=== SUPPLIED MATERIAL ===
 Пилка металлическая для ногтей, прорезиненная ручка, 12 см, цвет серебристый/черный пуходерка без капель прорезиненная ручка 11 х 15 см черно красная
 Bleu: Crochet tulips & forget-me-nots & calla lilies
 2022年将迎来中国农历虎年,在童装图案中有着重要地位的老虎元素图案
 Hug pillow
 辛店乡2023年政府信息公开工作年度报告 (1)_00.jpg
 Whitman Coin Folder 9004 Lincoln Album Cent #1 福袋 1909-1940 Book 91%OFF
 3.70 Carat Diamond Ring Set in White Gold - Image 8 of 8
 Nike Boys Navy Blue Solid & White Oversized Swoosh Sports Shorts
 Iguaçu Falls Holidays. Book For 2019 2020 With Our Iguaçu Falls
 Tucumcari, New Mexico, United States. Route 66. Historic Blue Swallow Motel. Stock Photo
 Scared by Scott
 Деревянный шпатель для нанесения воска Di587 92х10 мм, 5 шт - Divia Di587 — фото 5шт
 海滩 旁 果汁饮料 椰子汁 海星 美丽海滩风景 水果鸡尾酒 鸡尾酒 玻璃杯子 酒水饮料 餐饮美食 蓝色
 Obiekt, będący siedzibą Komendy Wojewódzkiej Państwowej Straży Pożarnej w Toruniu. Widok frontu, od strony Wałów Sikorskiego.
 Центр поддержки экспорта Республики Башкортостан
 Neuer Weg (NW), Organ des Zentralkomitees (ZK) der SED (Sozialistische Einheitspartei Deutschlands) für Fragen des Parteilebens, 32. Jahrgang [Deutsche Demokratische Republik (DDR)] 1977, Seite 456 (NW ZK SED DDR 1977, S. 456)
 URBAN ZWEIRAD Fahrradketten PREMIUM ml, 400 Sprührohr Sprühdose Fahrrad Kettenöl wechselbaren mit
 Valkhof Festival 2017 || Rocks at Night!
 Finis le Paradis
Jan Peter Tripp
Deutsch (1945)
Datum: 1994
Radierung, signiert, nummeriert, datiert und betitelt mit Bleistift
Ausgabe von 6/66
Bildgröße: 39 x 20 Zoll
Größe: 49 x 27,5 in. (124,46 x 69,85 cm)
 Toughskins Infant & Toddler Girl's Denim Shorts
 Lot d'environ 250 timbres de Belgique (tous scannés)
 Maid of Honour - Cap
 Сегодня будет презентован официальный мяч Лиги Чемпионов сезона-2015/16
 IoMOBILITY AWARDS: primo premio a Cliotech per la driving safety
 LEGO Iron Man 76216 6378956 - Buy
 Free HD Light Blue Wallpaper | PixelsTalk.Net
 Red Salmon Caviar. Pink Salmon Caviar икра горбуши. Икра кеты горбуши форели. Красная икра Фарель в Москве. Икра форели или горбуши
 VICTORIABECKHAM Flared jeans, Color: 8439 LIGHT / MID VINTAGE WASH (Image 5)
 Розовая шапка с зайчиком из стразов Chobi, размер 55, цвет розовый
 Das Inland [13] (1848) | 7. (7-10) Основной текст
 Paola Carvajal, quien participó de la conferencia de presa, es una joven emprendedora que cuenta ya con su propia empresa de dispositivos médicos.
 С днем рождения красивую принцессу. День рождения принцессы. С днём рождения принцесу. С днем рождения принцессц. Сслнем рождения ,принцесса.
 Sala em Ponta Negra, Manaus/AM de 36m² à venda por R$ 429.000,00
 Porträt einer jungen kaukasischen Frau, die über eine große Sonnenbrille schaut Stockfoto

=== ASSIGNED TASK ===
Would you copy out exactly the lines above that start at the one containing "Jan Peter Tripp" and end at the one containing "Paola Carvajal, quien", inclusive?

=== OUTPUT FOR THIS EXERCISE ===
Jan Peter Tripp
Deutsch (1945)
Datum: 1994
Radierung, signiert, nummeriert, datiert und betitelt mit Bleistift
Ausgabe von 6/66
Bildgröße: 39 x 20 Zoll
Größe: 49 x 27,5 in. (124,46 x 69,85 cm)
 Toughskins Infant & Toddler Girl's Denim Shorts
 Lot d'environ 250 timbres de Belgique (tous scannés)
 Maid of Honour - Cap
 Сегодня будет презентован официальный мяч Лиги Чемпионов сезона-2015/16
 IoMOBILITY AWARDS: primo premio a Cliotech per la driving safety
 LEGO Iron Man 76216 6378956 - Buy
 Free HD Light Blue Wallpaper | PixelsTalk.Net
 Red Salmon Caviar. Pink Salmon Caviar икра горбуши. Икра кеты горбуши форели. Красная икра Фарель в Москве. Икра форели или горбуши
 VICTORIABECKHAM Flared jeans, Color: 8439 LIGHT / MID VINTAGE WASH (Image 5)
 Розовая шапка с зайчиком из стразов Chobi, размер 55, цвет розовый
 Das Inland [13] (1848) | 7. (7-10) Основной текст
 Paola Carvajal, quien participó de la conferencia de presa, es una joven emprendedora que cuenta ya con su propia empresa de dispositivos médicos.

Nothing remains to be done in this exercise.